Key findings show that positive violations (e.g., mild humor, empathetic tone) often increased user trust and satisfaction, especially when they aligned with the emotional tone or context of the prompt. Conversely, negative violations (e.g., abrupt refusals or overly confident personalization) frequently diminished trust, particularly when they conflicted with user expectations or norms of politeness. These outcomes are consistent with EVT’s insight that the valence of a violation depends on both its nature and the perceived reward value of the communicator here, the LLM.

From a design perspective, this research underscores the importance of strategic adaptability. LLMs that can modulate tone, explain refusals gracefully, and personalize transparently are more likely to be perceived as trustworthy and intelligent. Furthermore, the study highlights the value of emotional awareness in interface design, suggesting that even simple shifts in wording or delivery can profoundly influence user perception.

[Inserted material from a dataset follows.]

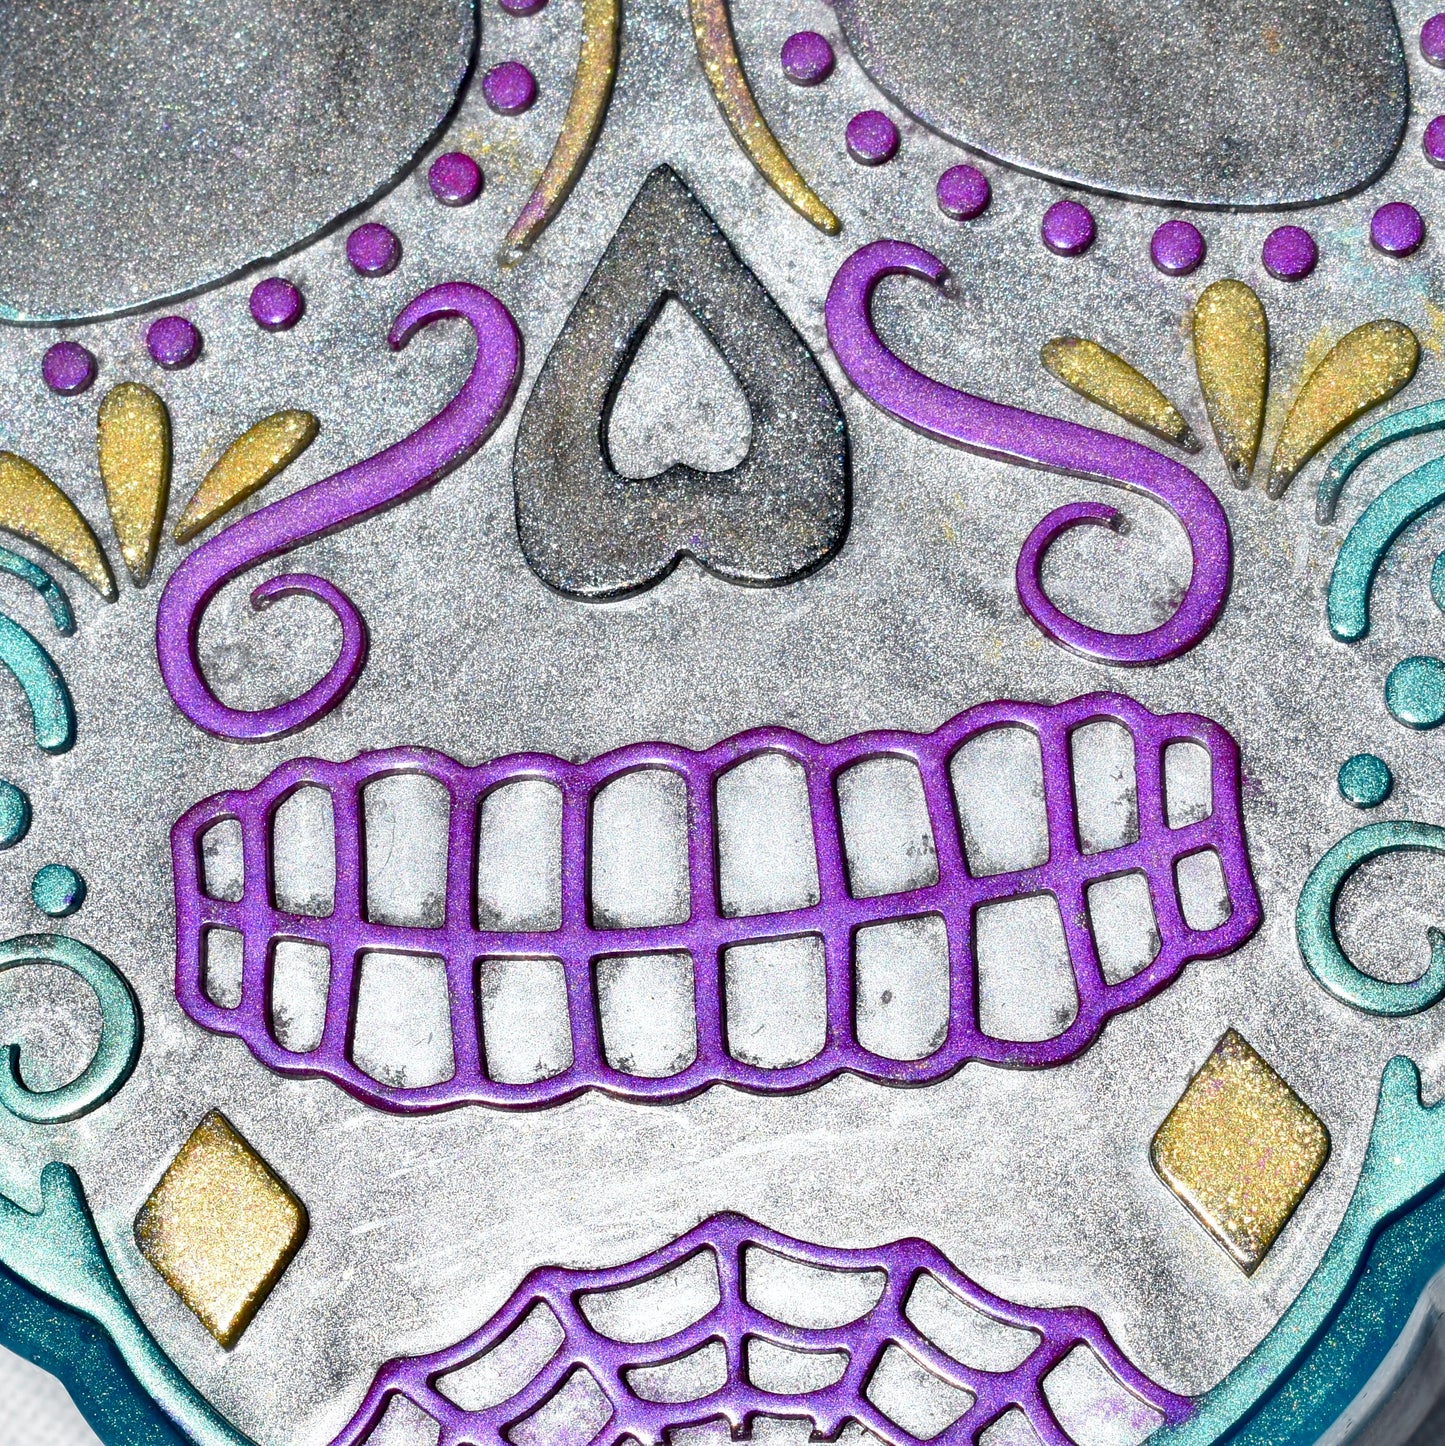 Sugar Skull Candy Dish w Lid • Dia de Los Muertos Dish Gift • Halloween Decor

As AI continues to take on roles in education, customer service, therapy, and companionship, understanding how to surprise users in ways that build connection rather than erode it will be central to creating systems that are not only powerful, but meaningfully human-like.

In short, the lesson is this: when machines communicate, it’s not just what they say that matters but how unexpectedly and thoughtfully they say it.